**WORK TO BE COMPLETED**
Go to the line with "Faux Leather 19th" in the entries below and write out every line from there through the line with "The Altbach /", exactly and without pictures.

**STORED DATA**

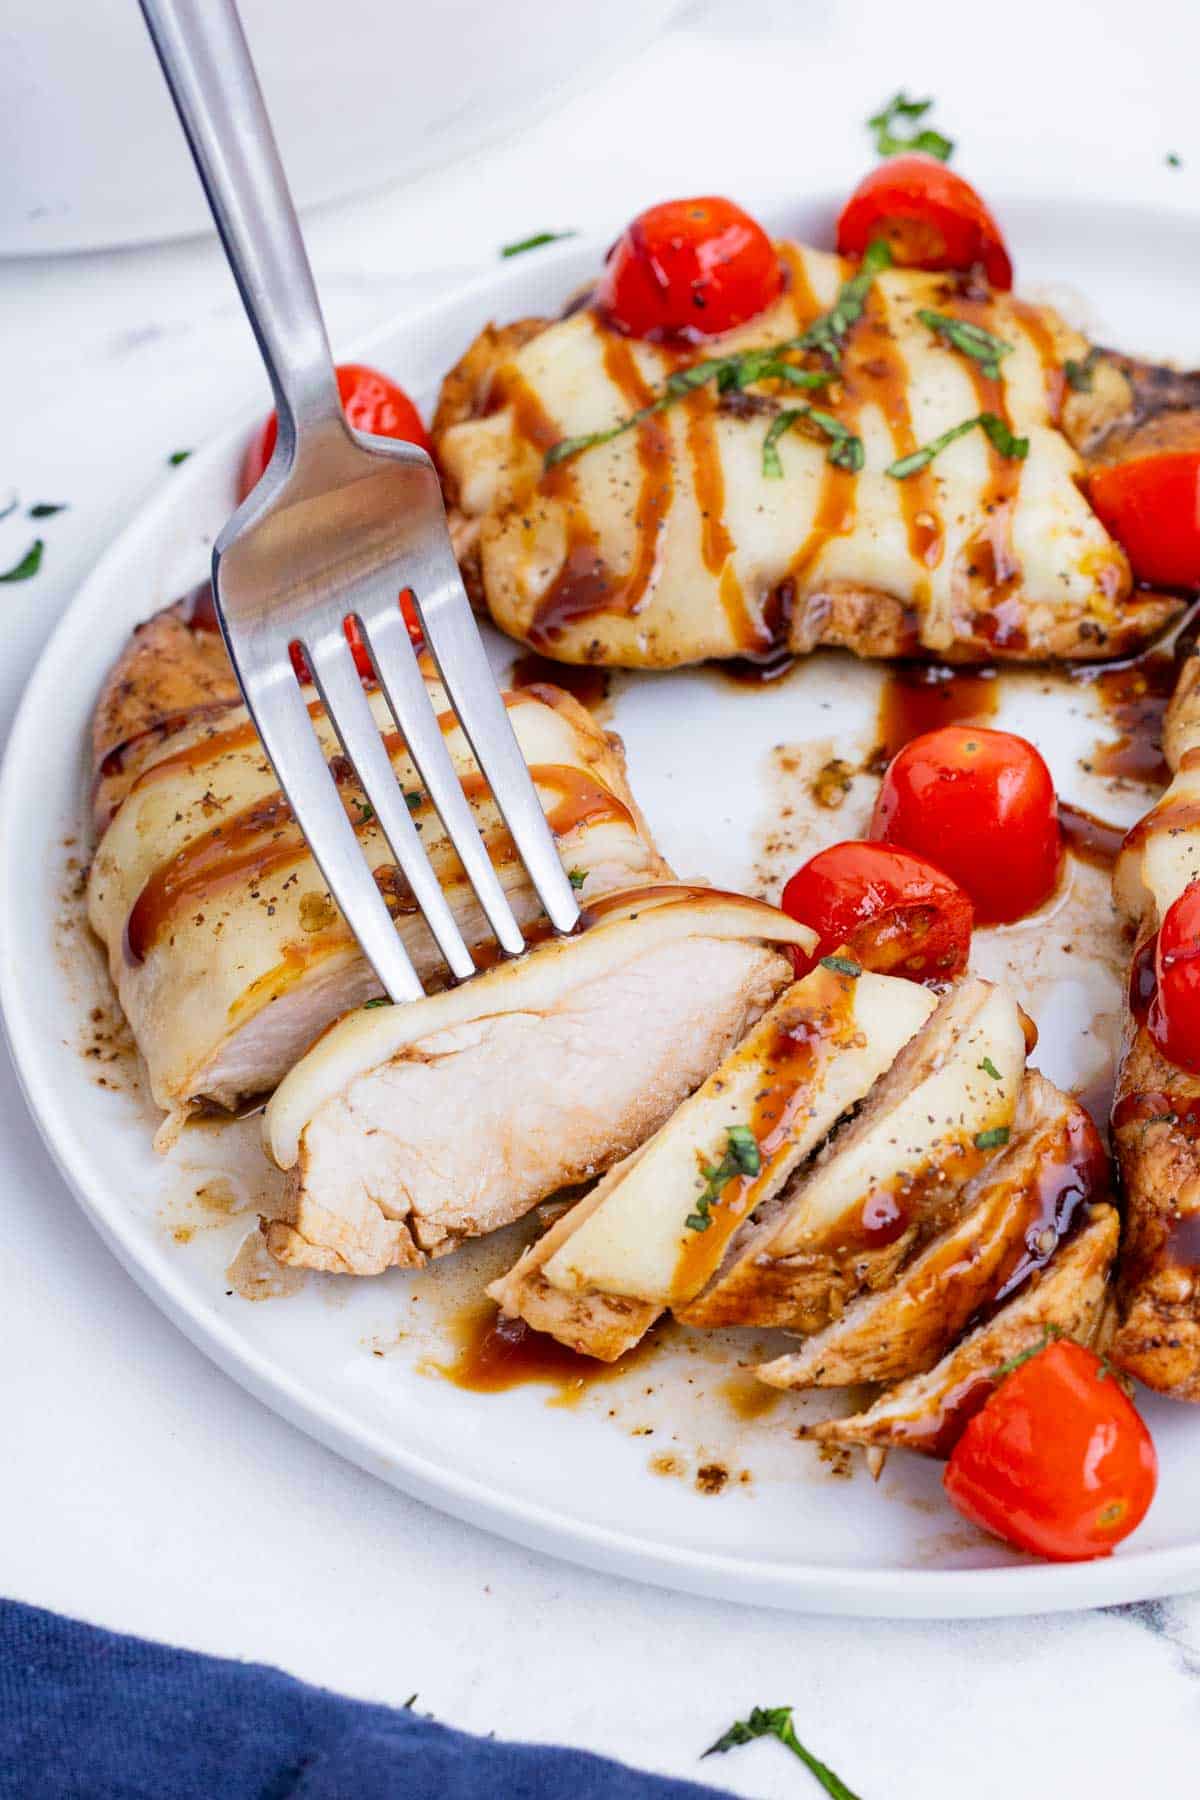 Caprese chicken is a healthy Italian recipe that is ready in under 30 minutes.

--

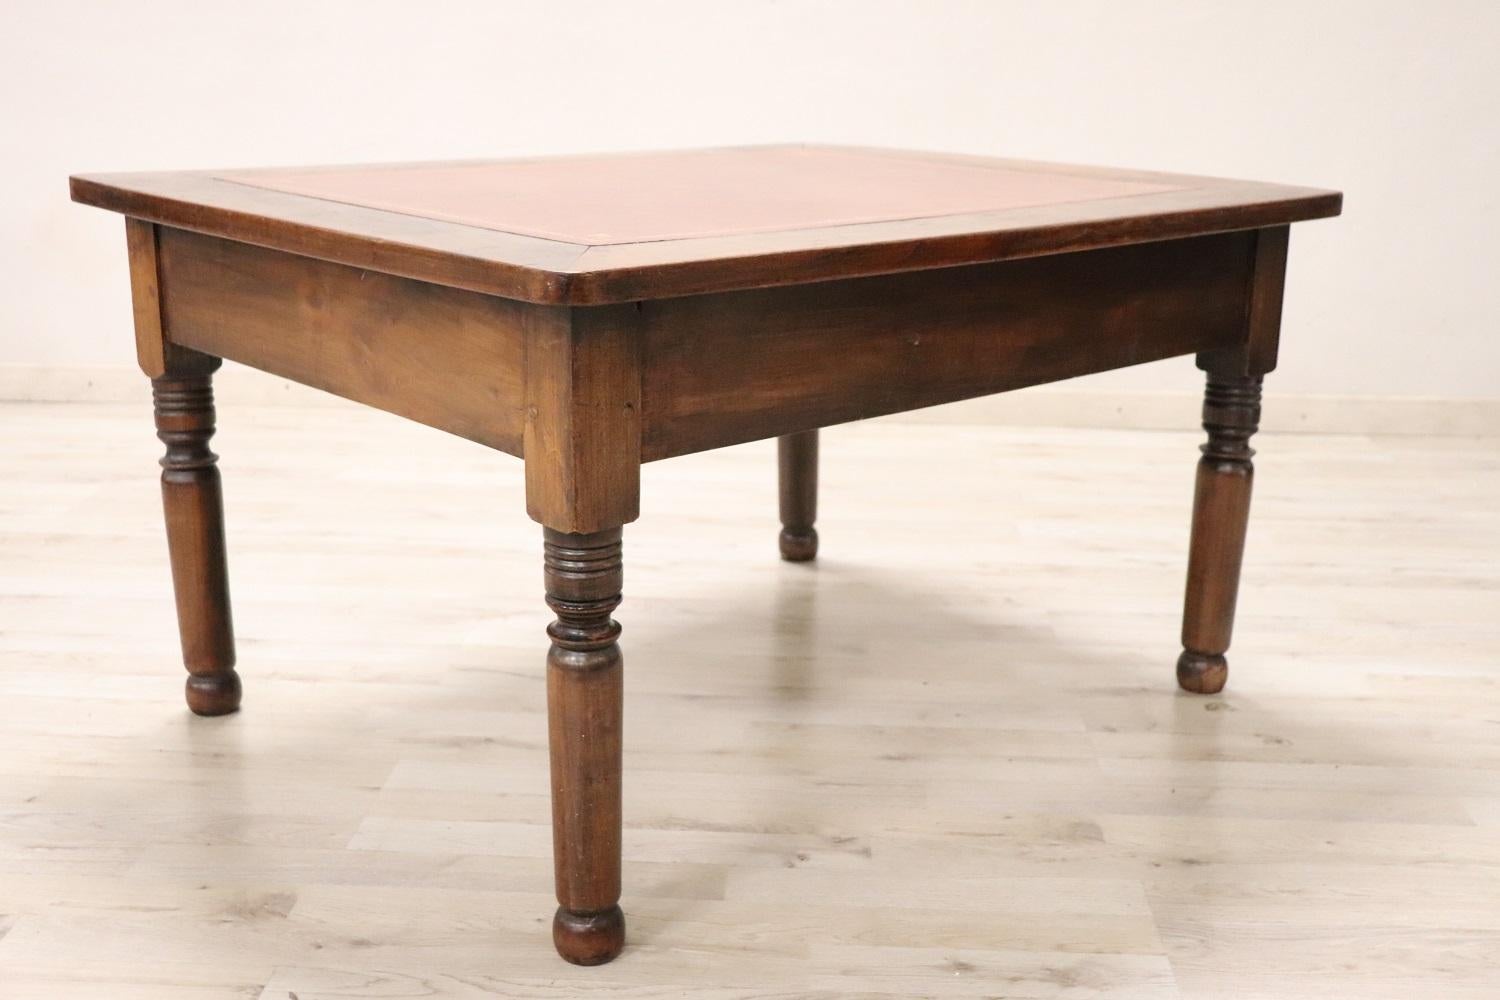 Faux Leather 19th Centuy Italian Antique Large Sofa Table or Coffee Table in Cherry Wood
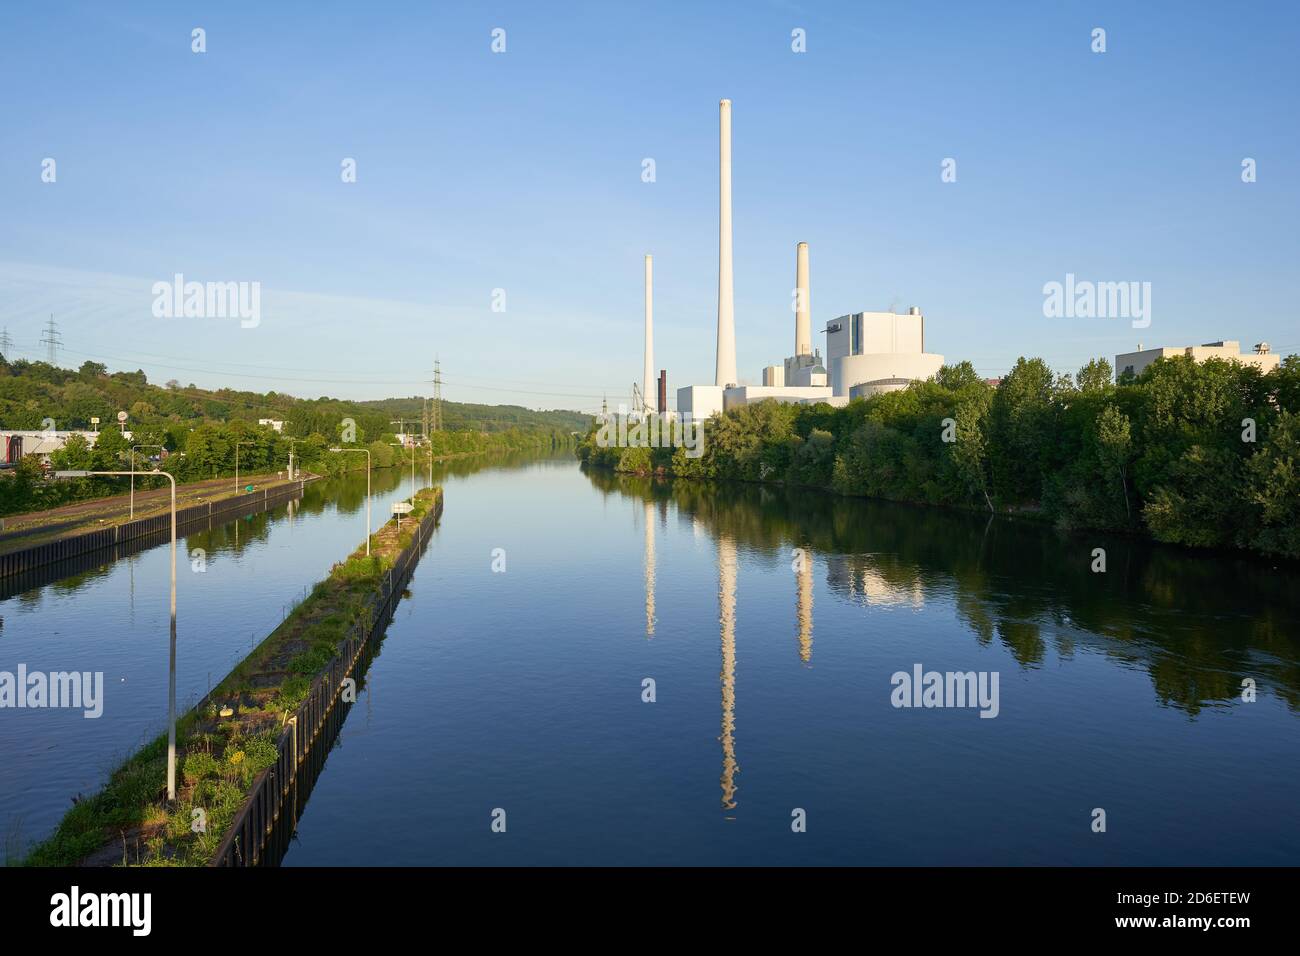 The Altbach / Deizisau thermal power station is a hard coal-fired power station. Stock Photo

**RESPONSE FOR THIS EXERCISE**
 Faux Leather 19th Centuy Italian Antique Large Sofa Table or Coffee Table in Cherry Wood
 The Altbach / Deizisau thermal power station is a hard coal-fired power station. Stock Photo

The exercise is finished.